Published on: 06 June 2023 at 12:04 IST
Edtech giant Byju’s has announced that it has taken decisive action by filing a complaint in the New York Supreme Court.
The purpose of this legal action is to challenge the acceleration of the $1.2 billion Term Loan B (TLB) and to disqualify Redwood.
Byju’s claims that Redwood, in violation of TLB terms, acquired a significant portion of the loan while primarily engaging in distressed debt trading. Byju’s has been compelled to take these measures due to a series of predatory tactics employed by the lenders, led by Redwood.
Byju’s stated that on March 3, 2023, the TLB lenders wrongfully accelerated the TLB, alleging certain non-monetary and technical defaults. The company expressed that following this unjust acceleration, the TLB lenders undertook unwarranted enforcement actions, such as seizing control of Byju’s Alpha and appointing their own management. Additionally, the TLB lenders, through their agent GLAS Trust Company, initiated litigation in Delaware to validate these actions.”
During the Delaware proceedings, Byju’s revealed that the TLB lenders made an unsuccessful attempt to deprive the company of its contractual right to “disqualify” lenders primarily involved in opportunistic trades. Byju’s stated that the Delaware court rejected this attempt, ruling that the TLB lenders failed to demonstrate irreparable harm or a balance of harms necessary to support a provision restraining Byju’s contractual right.

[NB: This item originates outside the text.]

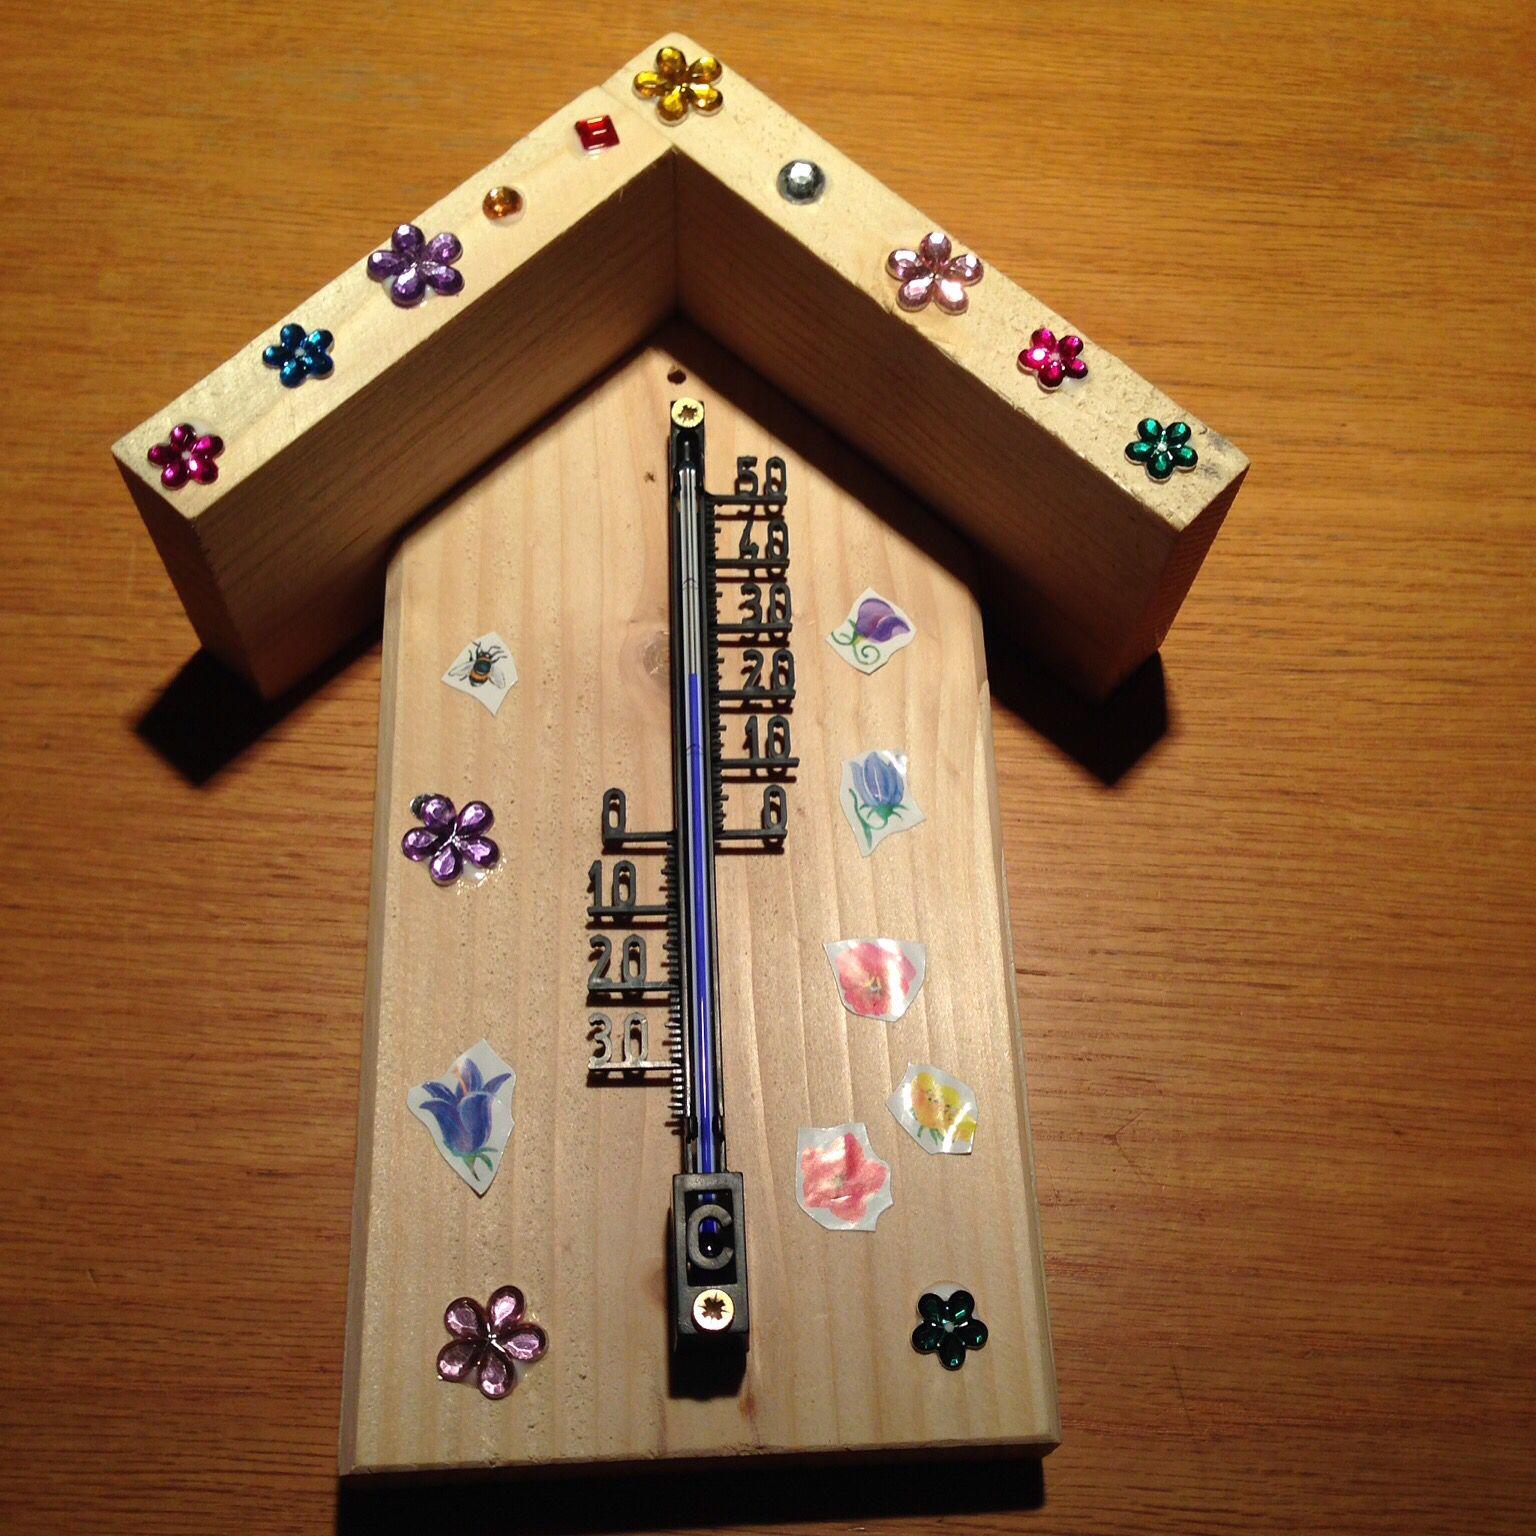 holz thermometer basteln mit kindern pinterest basteln thermometer und schulsachen. Black Bedroom Furniture Sets. Home Design Ideas

However, Byju’s claimed that the TLB lenders continued to behave in a high-handed manner. They issued a notice demanding immediate payment of the entire TLB amount, despite being aware that the acceleration was being challenged in court. Furthermore, the TLB lenders’ agent refused to disclose the identities of the TLB lenders to Byju’s, a right that Byju’s is entitled to under the TLB. Additionally, the TLB lenders consistently undertook actions to tarnish Byju’s reputation.
At the same time, the company said that the Redwood – a lender known to primarily trade in distressed debt – consistently increased its exposure by acquiring a sizeable stake in the TLB with the intent of making windfall gains.
“In the wake of all these actions, Byju’s was left with no option but to commence proceedings in New York – the contractually agreed forum – challenging the acceleration,” said the company. Along with this, Byju’s has also issued a notice to the Redwood entities disqualifying them. Once such disqualification takes effect, Redwood would be restrained from exercising critical rights under the TLB. Byju’s said it had so far demonstrated remarkable restraint by refraining from utilising the disqualification clause, instead striving for months to achieve an amicable resolution with the hawkish trader-lenders.